August 5, 2024 - The Slow, Spinny Loop
“It’s an unreturnable shot,” said US Team Member Perry Schwartzberg many years ago after failing repeatedly to block, hit, or counterloop against fellow team member Ricky Seemiller’s slow, spinny loop. World #3 Mikael Appelgren had a similar problem against Ricky, losing to him when the world’s best counterlooper couldn’t counterloop Ricky’s spinny loop.
And yet, fewer and fewer players slow loop these days. Part of the reason is because at higher levels, and with modern sponges, players just go for power loops. And that often pays off at the higher levels. But below that – and as a change-up at the higher levels – the slow, spinny loop is a valuable shot.
The weakness of the shot is that if an opponent unhesitatingly blocks, hits, or counterloops aggressively, the slow spinny loop can be attacked effectively. But since players don’t see the shot that much these days, and are usually set up for faster, less spinny shots, they struggle against the shot if not overused.
A key reason players don’t slow loop as much these days is they don’t know the proper technique, and so end up with a less-than-spinny slow loop that is more easily attacked.
The key point here is a slow spinny loop is NOT just a weak, safe loop. It’s an aggressive shot done at full power – but nearly all of the power goes into creating topspin. It’s usually done against backspin, especially heavy backspin where you can convert the incoming backspin into even more topspin with an almost vertical stroke.
How do you do this? A key aspect is to let the ball drop more than usual. This makes it easier to arc it with super spin, using your entire body, and especially your legs. With power loops, nearly all of the force is forward, but with a slow, spinny loop, you use your legs to drive the ball both up and forward, with the emphasis on up. If you take the ball too high, you’ll go off the end, which is why it’s easier to do if you let the ball drop below table level, with knees well bent. (If you have knee problems, then compensate by simply dropping the racket down more and use more upper body, arm, and wrist.) Then use the whole body – legs, hips and waist, shoulder, forearm, and wrist.

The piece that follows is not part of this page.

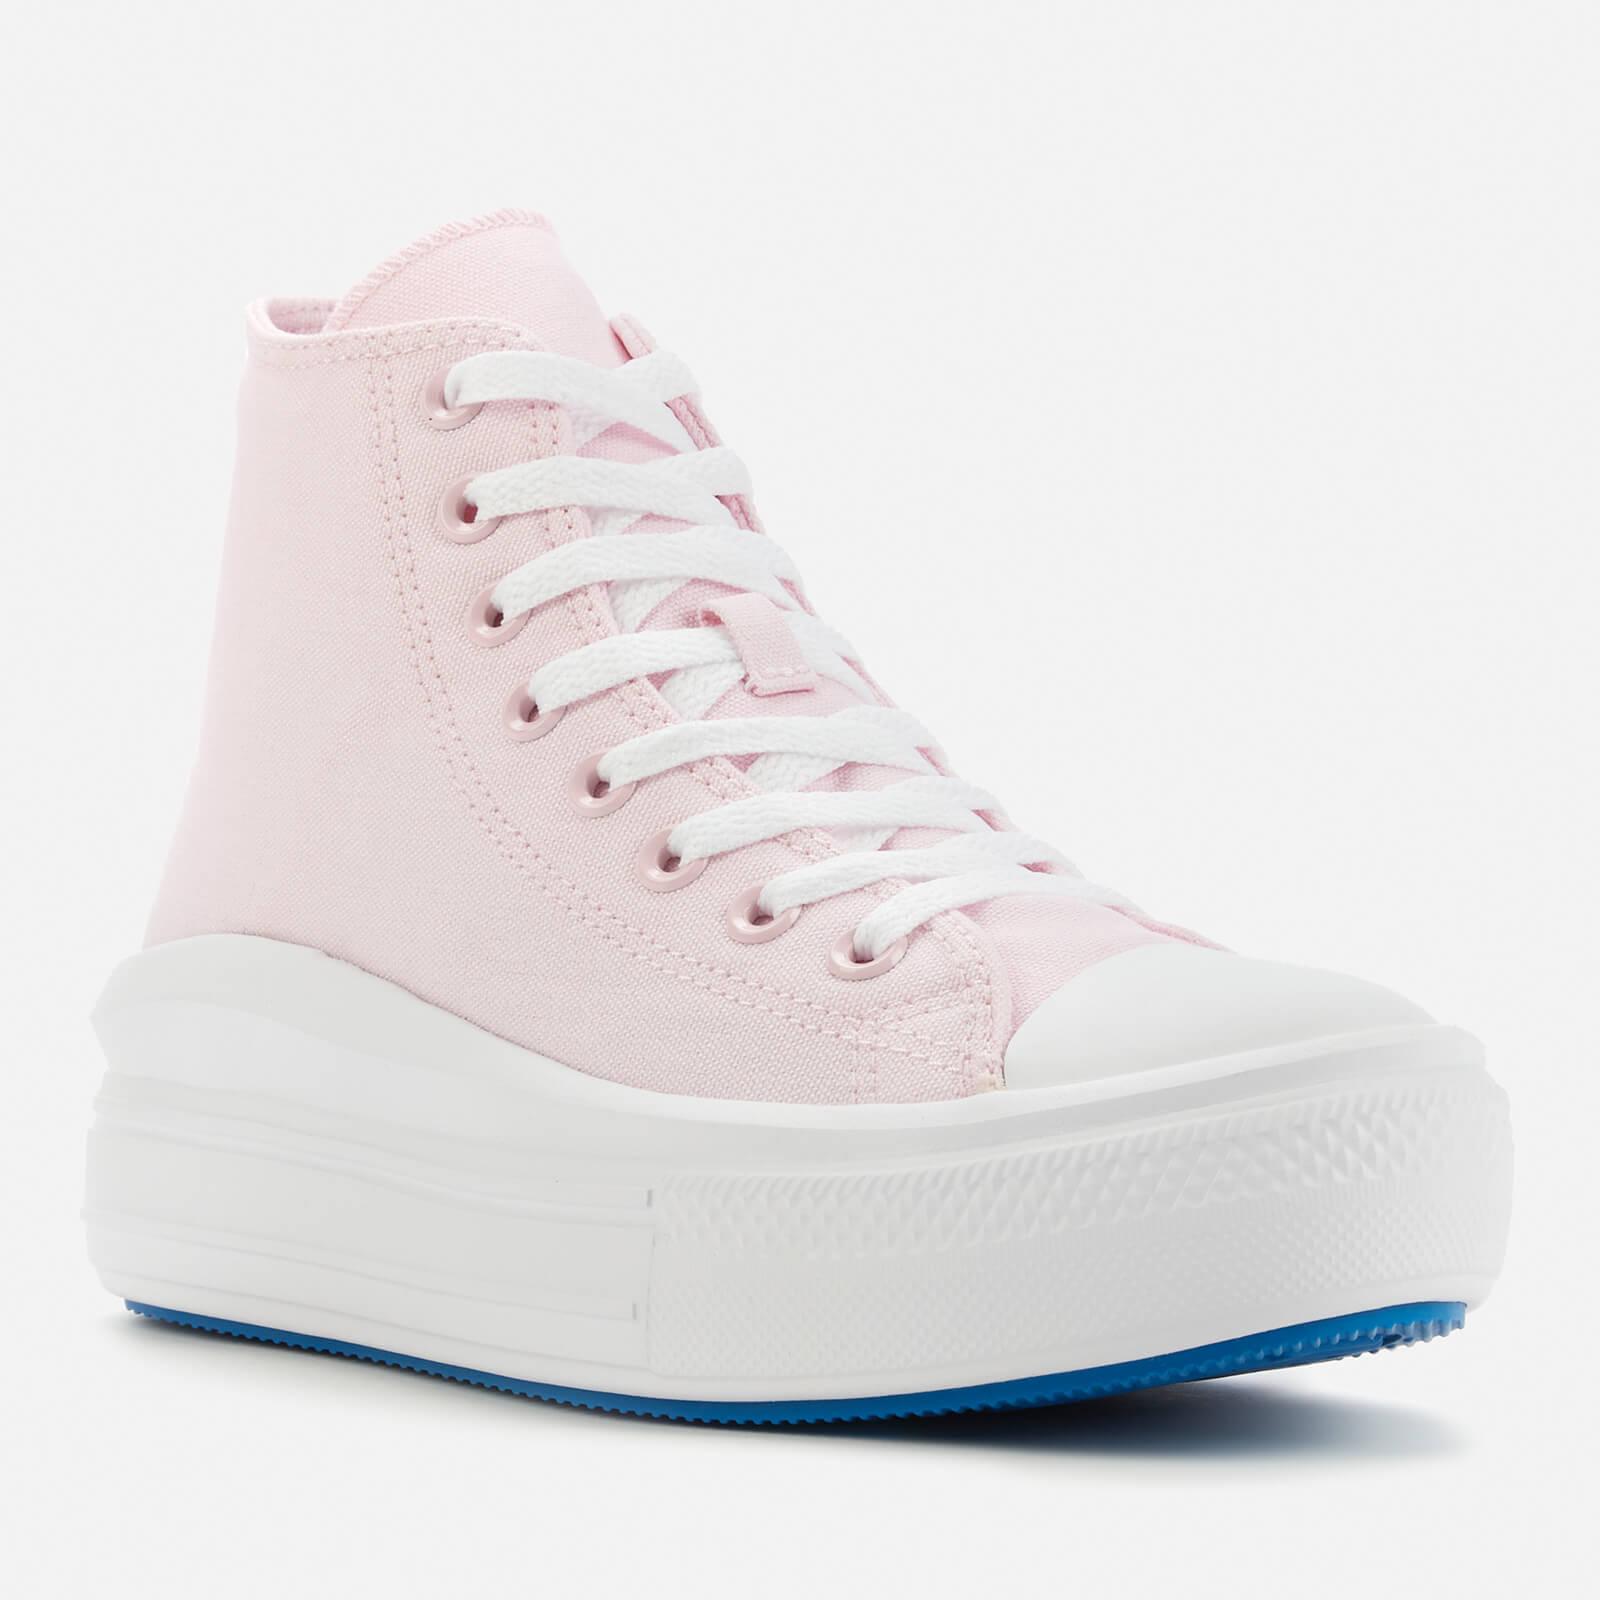 Converse Leather Chuck Taylor All Star Anodized Metals Move Hi-top Trainers  in Pink - Lyst

Each part of the swing propels the next part forward. The stroke is one continuous, smooth motion.
Just before contact, drive into the ball vigorously, with a big forearm and wrist snap as you contact the ball – but just graze the ball. Make that ball rotate like an angry Tasmanian Devil!!! The whole point of the shot is extreme topspin, not safe topspin.
If you go off the end, don’t slow down your swing; contact a little more on top of the ball and stroke slightly more forward, especially if the ball doesn’t have heavy backspin.
Experiment until you find just how much to let the ball drop, how much to drive up vs. forward, and how finely you can graze the ball. Find a partner and practice, where you serve backspin, partner pushes back heavy, and you slow-loop the ball with great power – with all that power going into topspin. With practice, it becomes an extremely consistent shot since the low ball speed and the heavy topspin pulling it down keeps it on the table.
So, what are you waiting for? Time to slow-spin for the win!